This is how it will work. We will send all our insertion request through the load balancer, which will be in charge of dispatching these requests among the workers. Workers will send their replicate log through the PubSub messaging system to broadcast it to all other workers asynchronously:

ShufflingInfrastructure

At the end of our experiment, we will ask each of our workers for their individual version of the history of event (and to do so, our load balancer will also need to be able to list of all the workers) and make sure they agree.

 

A practical implementation of absurdity


We now have a stupid task to do, and a perfect architecture to do it. We just miss the perfect language for the task: Elixir.

 

A word on Elixir

Elixir is a dynamically typed functional programming language built on top of BEAM, the virtual machine of Erlang. Thanks to this, it inherits from the powerful capabilities of Erlang and its actor model in terms of fault tolerance and parallelism.

Elixir also have a strong similitude with Clojure. It puts the emphasis on being able to easily manipulate data rather than forcing data into types (I just wished it would have inherited from the amazing persistent vector of Clojure). It also has a powerful meta-programming model through macros.

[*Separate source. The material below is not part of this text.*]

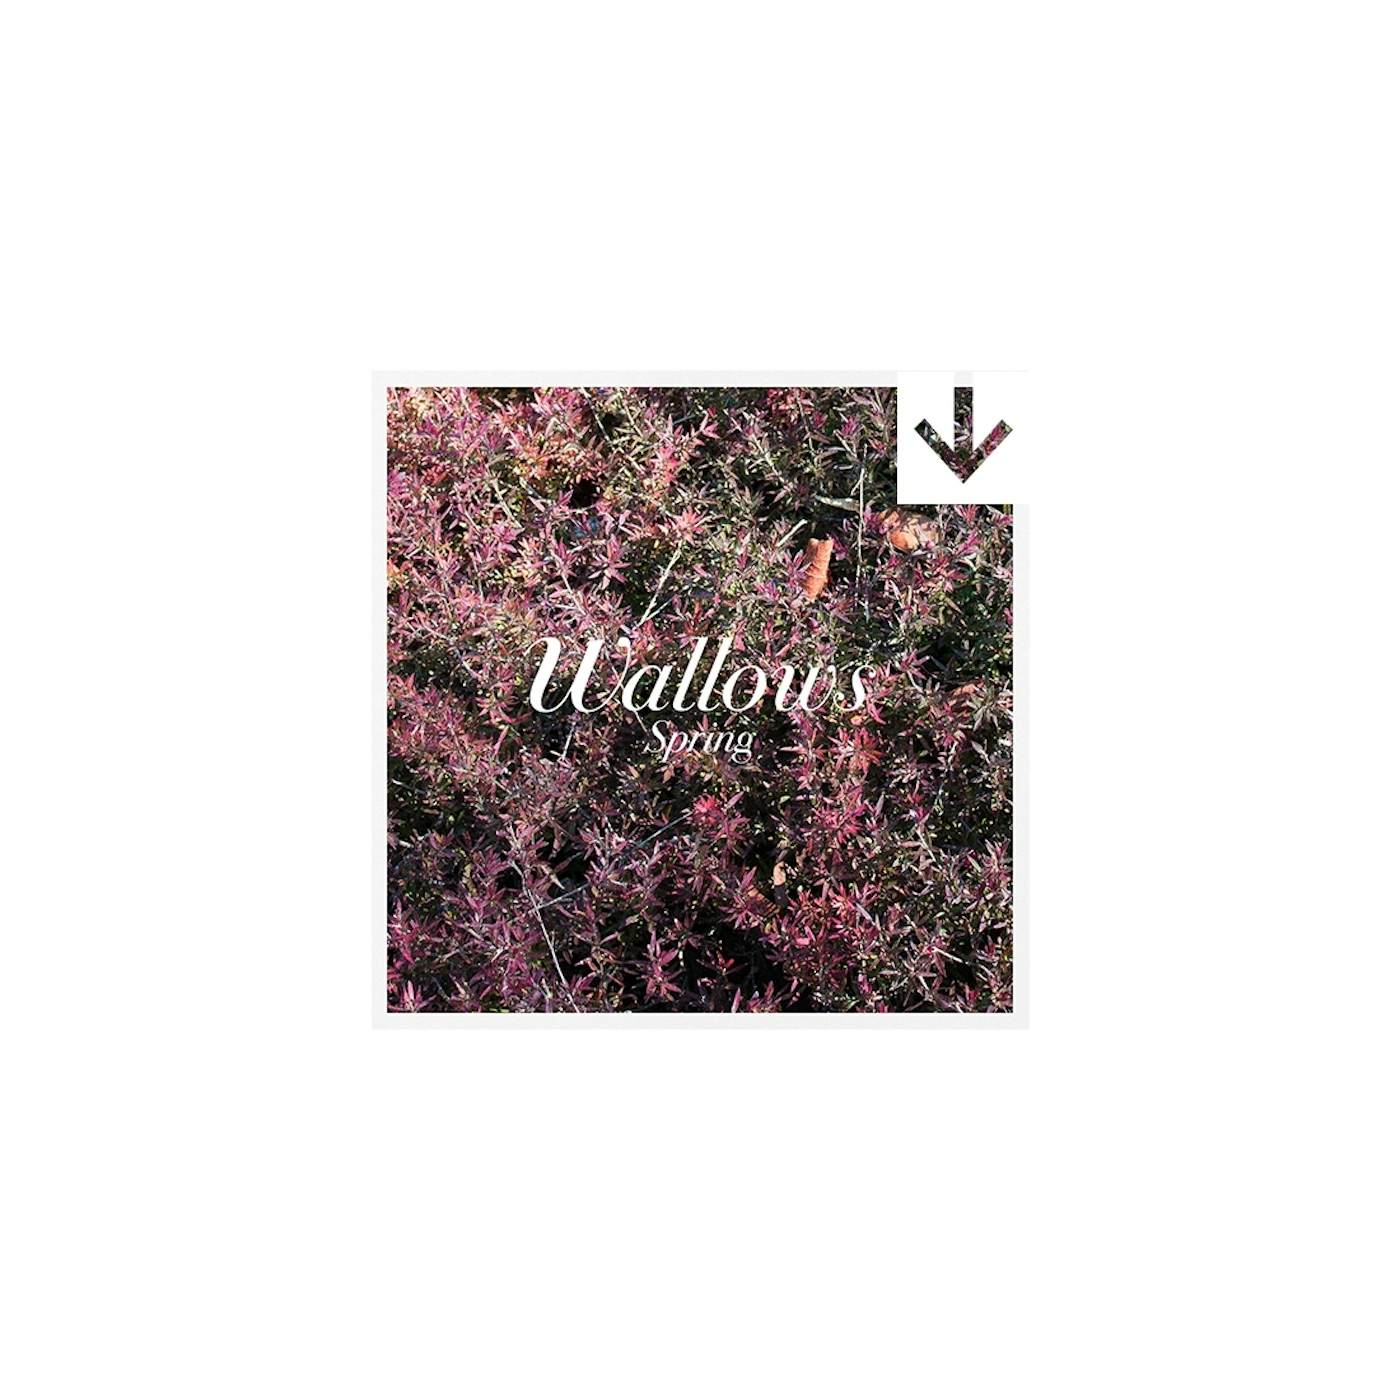 Wallows ‘spring’ EP (Digital Album)

Today, we will mostly use Elixir for its ability to easily instantiate actors, which will be of great help to build our distributed over-engineered sentence shuffling algorithm.

 

What is an actor?

We will let aside here the formal definition of actors (which is still a really good read) and go straight to the implementation of actors in Elixir.

Actors are asynchronous independent light-weight processes, that each have their own state (and garbage collection), and can only communicate with other actors by sending messages or reacting to messages sent to them (in particular, actors cannot share state).

They are like objects (instances, not classes) that each run asynchronously and whose method calls are replaced by message passing. To “run a method”, we send a message containing the name of the method and the value of its arguments. To get back a result, we wait for an answer message.

 

The plan

We will now implement our random-shuffling workers as actors, maintaining a state of the event they know about, and communicating with the external world (such as other actors) through messages.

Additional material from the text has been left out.